Das Elend der Leistungssubjekte

Radfahrer auf dem Tempelhofer Feld - die große Rund ist über sechs Kilometer lang.
Die Freiheit - der zentrale Wert moderner Gesellschaften - steckt in der Krise, meint der Autor Byung-Chul Han. © Eric Pawlitzky
Von Thorsten Jantschek · 09.08.2014
Die gefühlte Freiheit der Bürger demokratischer Rechtsstaaten ist eine Täuschung, so Byung-Chul Han. In Wirklichkeit seien wir Knechte ohne Herren, die sich freiwillig selbst ausbeuten und entblößen - bis zur Erschöpfung.
"Freiheit, Gleichheit, Brüderlichkeit", von den drei großen Forderungen der französischen Revolution ist die Freiheit zum Leitbild der Moderne geworden, zum Gassenhauer von politischen, gesellschaftlichen und individuellen Diskursen. Zumindest in der westlichen Welt wird sie als die historisch verwirklichte Errungenschaft der Aufklärung gefeiert. Wenn nun Byung-Chul Han eine umfassende Krise der Freiheit diagnostiziert, zielt er auf das Herz unseres kulturellen Selbstverständnisses. Denn, so seine These, die gefühlte Freiheit, als Bürger demokratischer Rechtsstaaten, als sich nach eigenen Vorstellungen entwerfende Subjekte, ja als mündige Konsumenten, ist eine Täuschung.
"Das Leistungssubjekt, das sich frei wähnt, ist in Wirklichkeit ein Knecht. Es ist insofern ein absoluter Knecht, als es ohne den Herrn sich freiwillig ausbeutet. Ihm steht kein Herr gegenüber, der ihn zur Arbeit zwingt."
Ein Knecht einer neoliberalen Ideologie, der es gelingt, alle Lebensbereiche zu durchdringen und auszubeuten, gerade weil diese Ideologie nicht bestimmte Restriktionen auferlegt, nicht sagt, was wir dürfen und was nicht, sondern weil sie uns zuflüstert: "Du kannst alles erreichen, alles werden, alles haben, wenn du nur willst, wenn du dich anstrengst, wenn du erfolgreich bist."
Diese Freiheit des Alles-Könnens bringt das Subjekt als Unternehmer seiner Selbst und zugleich als Arbeiter in diesem Unternehmen hervor. Bis zur Erschöpfung, bis zur Depression, bis zum Burn out, die Byung-Chul Han als Krisensymptome der Freiheit deutet. Gleichzeitig gibt sich diese Machtmaschine freundlich und anschmiegsam.
"Die smarte, freundliche Macht operiert nicht frontal gegen den Willen der unterworfenen Subjekte, sondern steuert den Willen zu ihren Gunsten. Sie ist eher jasagend als neinsagend. (...) Sie verführt, statt zu verbieten. Statt sich dem Subjekt entgegenzusetzen, kommt sie ihm entgegen. Die smarte Macht schmiegt sich der Psyche an, statt sie zu disziplinieren und Zwängen oder Verboten zu unterwerfen."
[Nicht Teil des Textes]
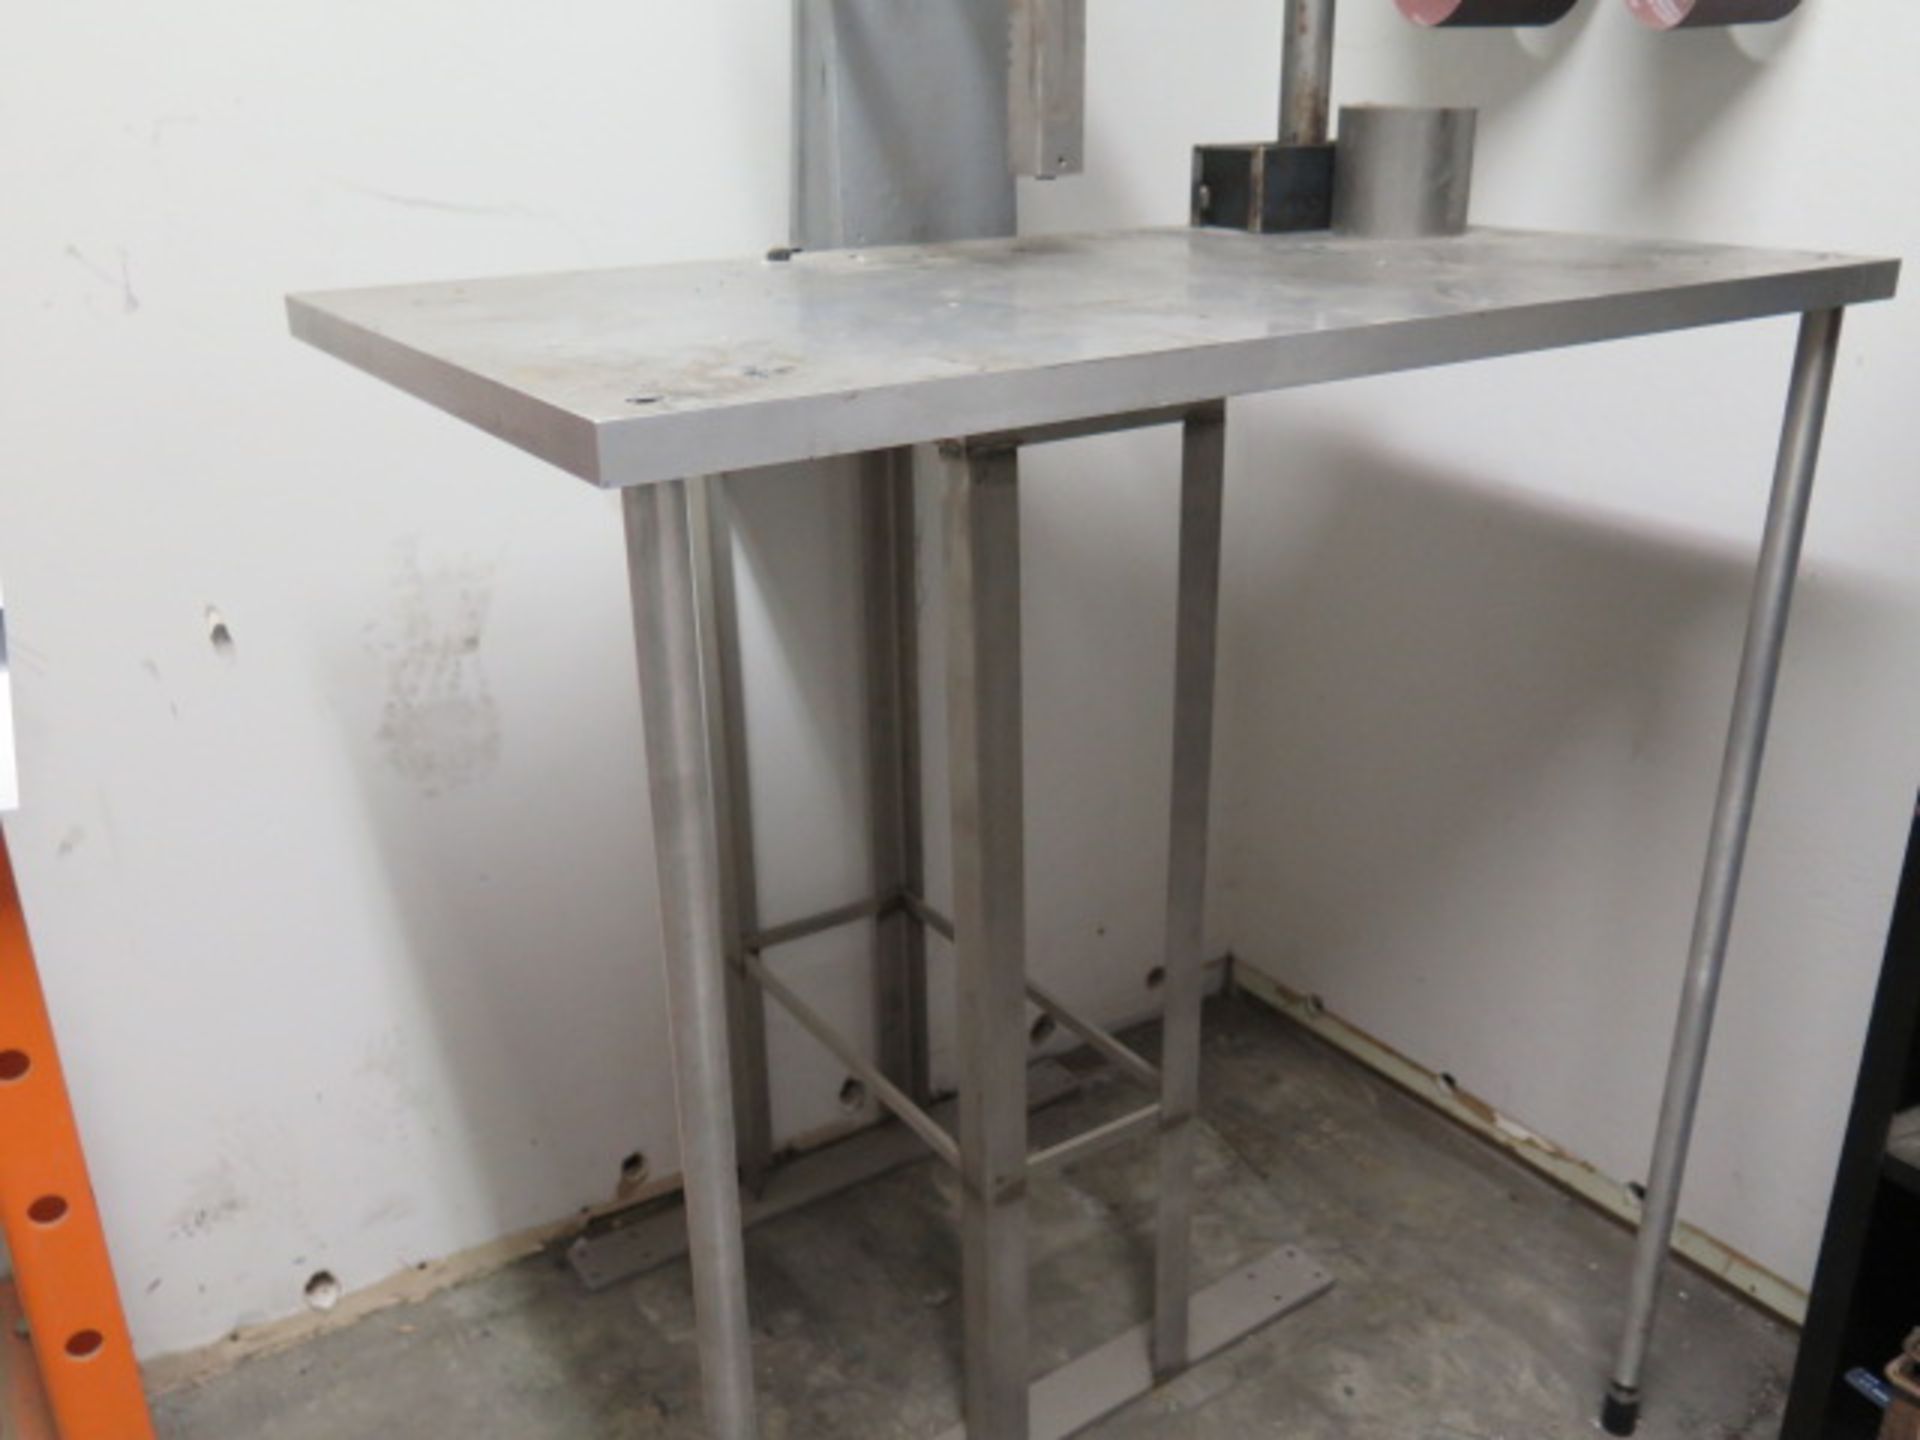 Arbor Press w/ Stand and Table (SOLD AS-IS - NO WARRANTY) - Image 5 of 6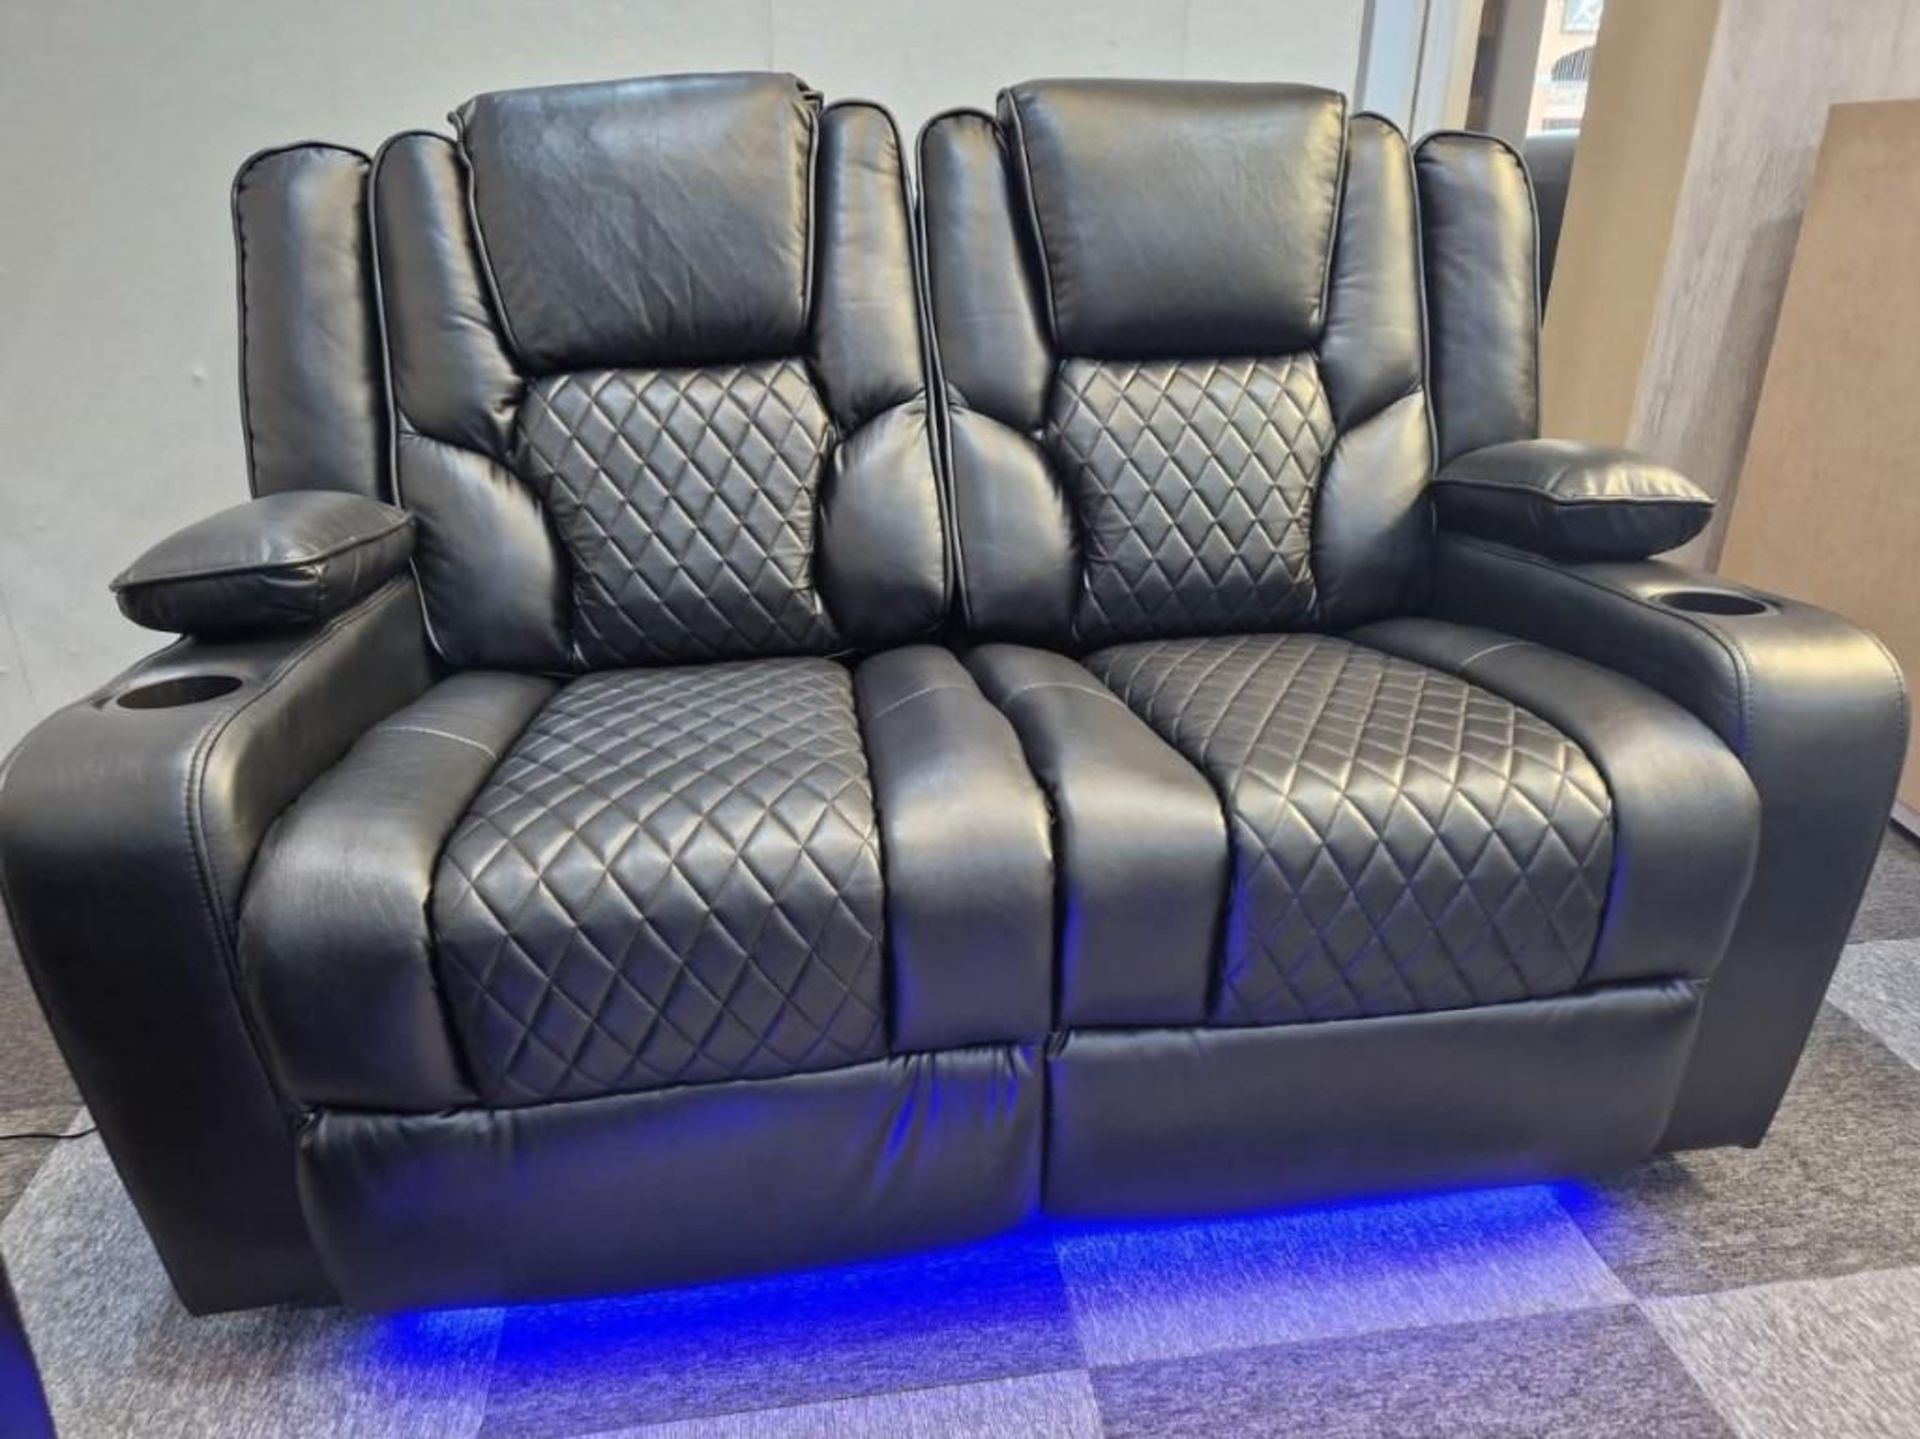 BRAND NEW Black Leather 2 Seater Electric Recliner With USB Charging Port and Floor lights. - Image 2 of 3

Trend zur Selbstoptimierung und Big Data
Diese Psychomacht bemächtigt sich unserer Emotionen, schreibt Han, um Handlungen auf einer vorreflexiven Ebene zu steuern und zu beeinflussen. Überall werden gute Emotionen gestiftet, werden wir positiv gestimmt, um uns selbst zu optimieren, sei es in der nächsten Beauty-Farm oder im Fitnessstudio. Und das Übrige – die Kontrolle unserer Wünsche – erledigen in der digitalen Welt die Algorithmen von Big Data, jener lächelnden Schwester von Big Brother, die unsere Interessen berechnet hat, bevor wir selbst sie kennen.
"Orwells Überwachungsstaat mit Teleschirmen und Folterkammern unterscheidet sich grundsätzlich vom digitalen Panoptikum mit Internet, Smartphone und Google Glass, das vom Schein grenzenloser Freiheit und Kommunikation beherrscht ist. Hier wird nicht gefoltert, sondern getwittert und gepostet. (...) An die Stelle der durch Folter erpressten Geständnisse tritt freiwillige Entblößung."
Die Wirkungsweise dieser merkwürdigen, obskuren Macht ohne Zwang nennt Han: Psychopolitik. Sie implantiert ihre Ziele direkt im Wunsch- und Gefühlssystem der handelnden Menschen. Damit ist sie allgegenwärtig und allmächtig. Und damit gibt es kein Außen der Macht mehr, nichts mehr, durch die man sie "erleidet". Was also könnte diese Macht noch aufhalten?
Autor hofft auf ein erlösendes Ereignis
Anders als der Politiktheoretiker Colin Crouch, der etwa gegen den Neoliberalismus versucht, eine wehrhafte Sozialdemokratie in Stellung zu bringen, hofft Han auf irgendein ominöses Ereignis, das den universalen Verblendungszusammenhang zerreißt, vielleicht eine Revolution oder eine Naturkatastrophe. Und Han hofft auf die – zumindest theoretische – Gegenfigur des Idioten.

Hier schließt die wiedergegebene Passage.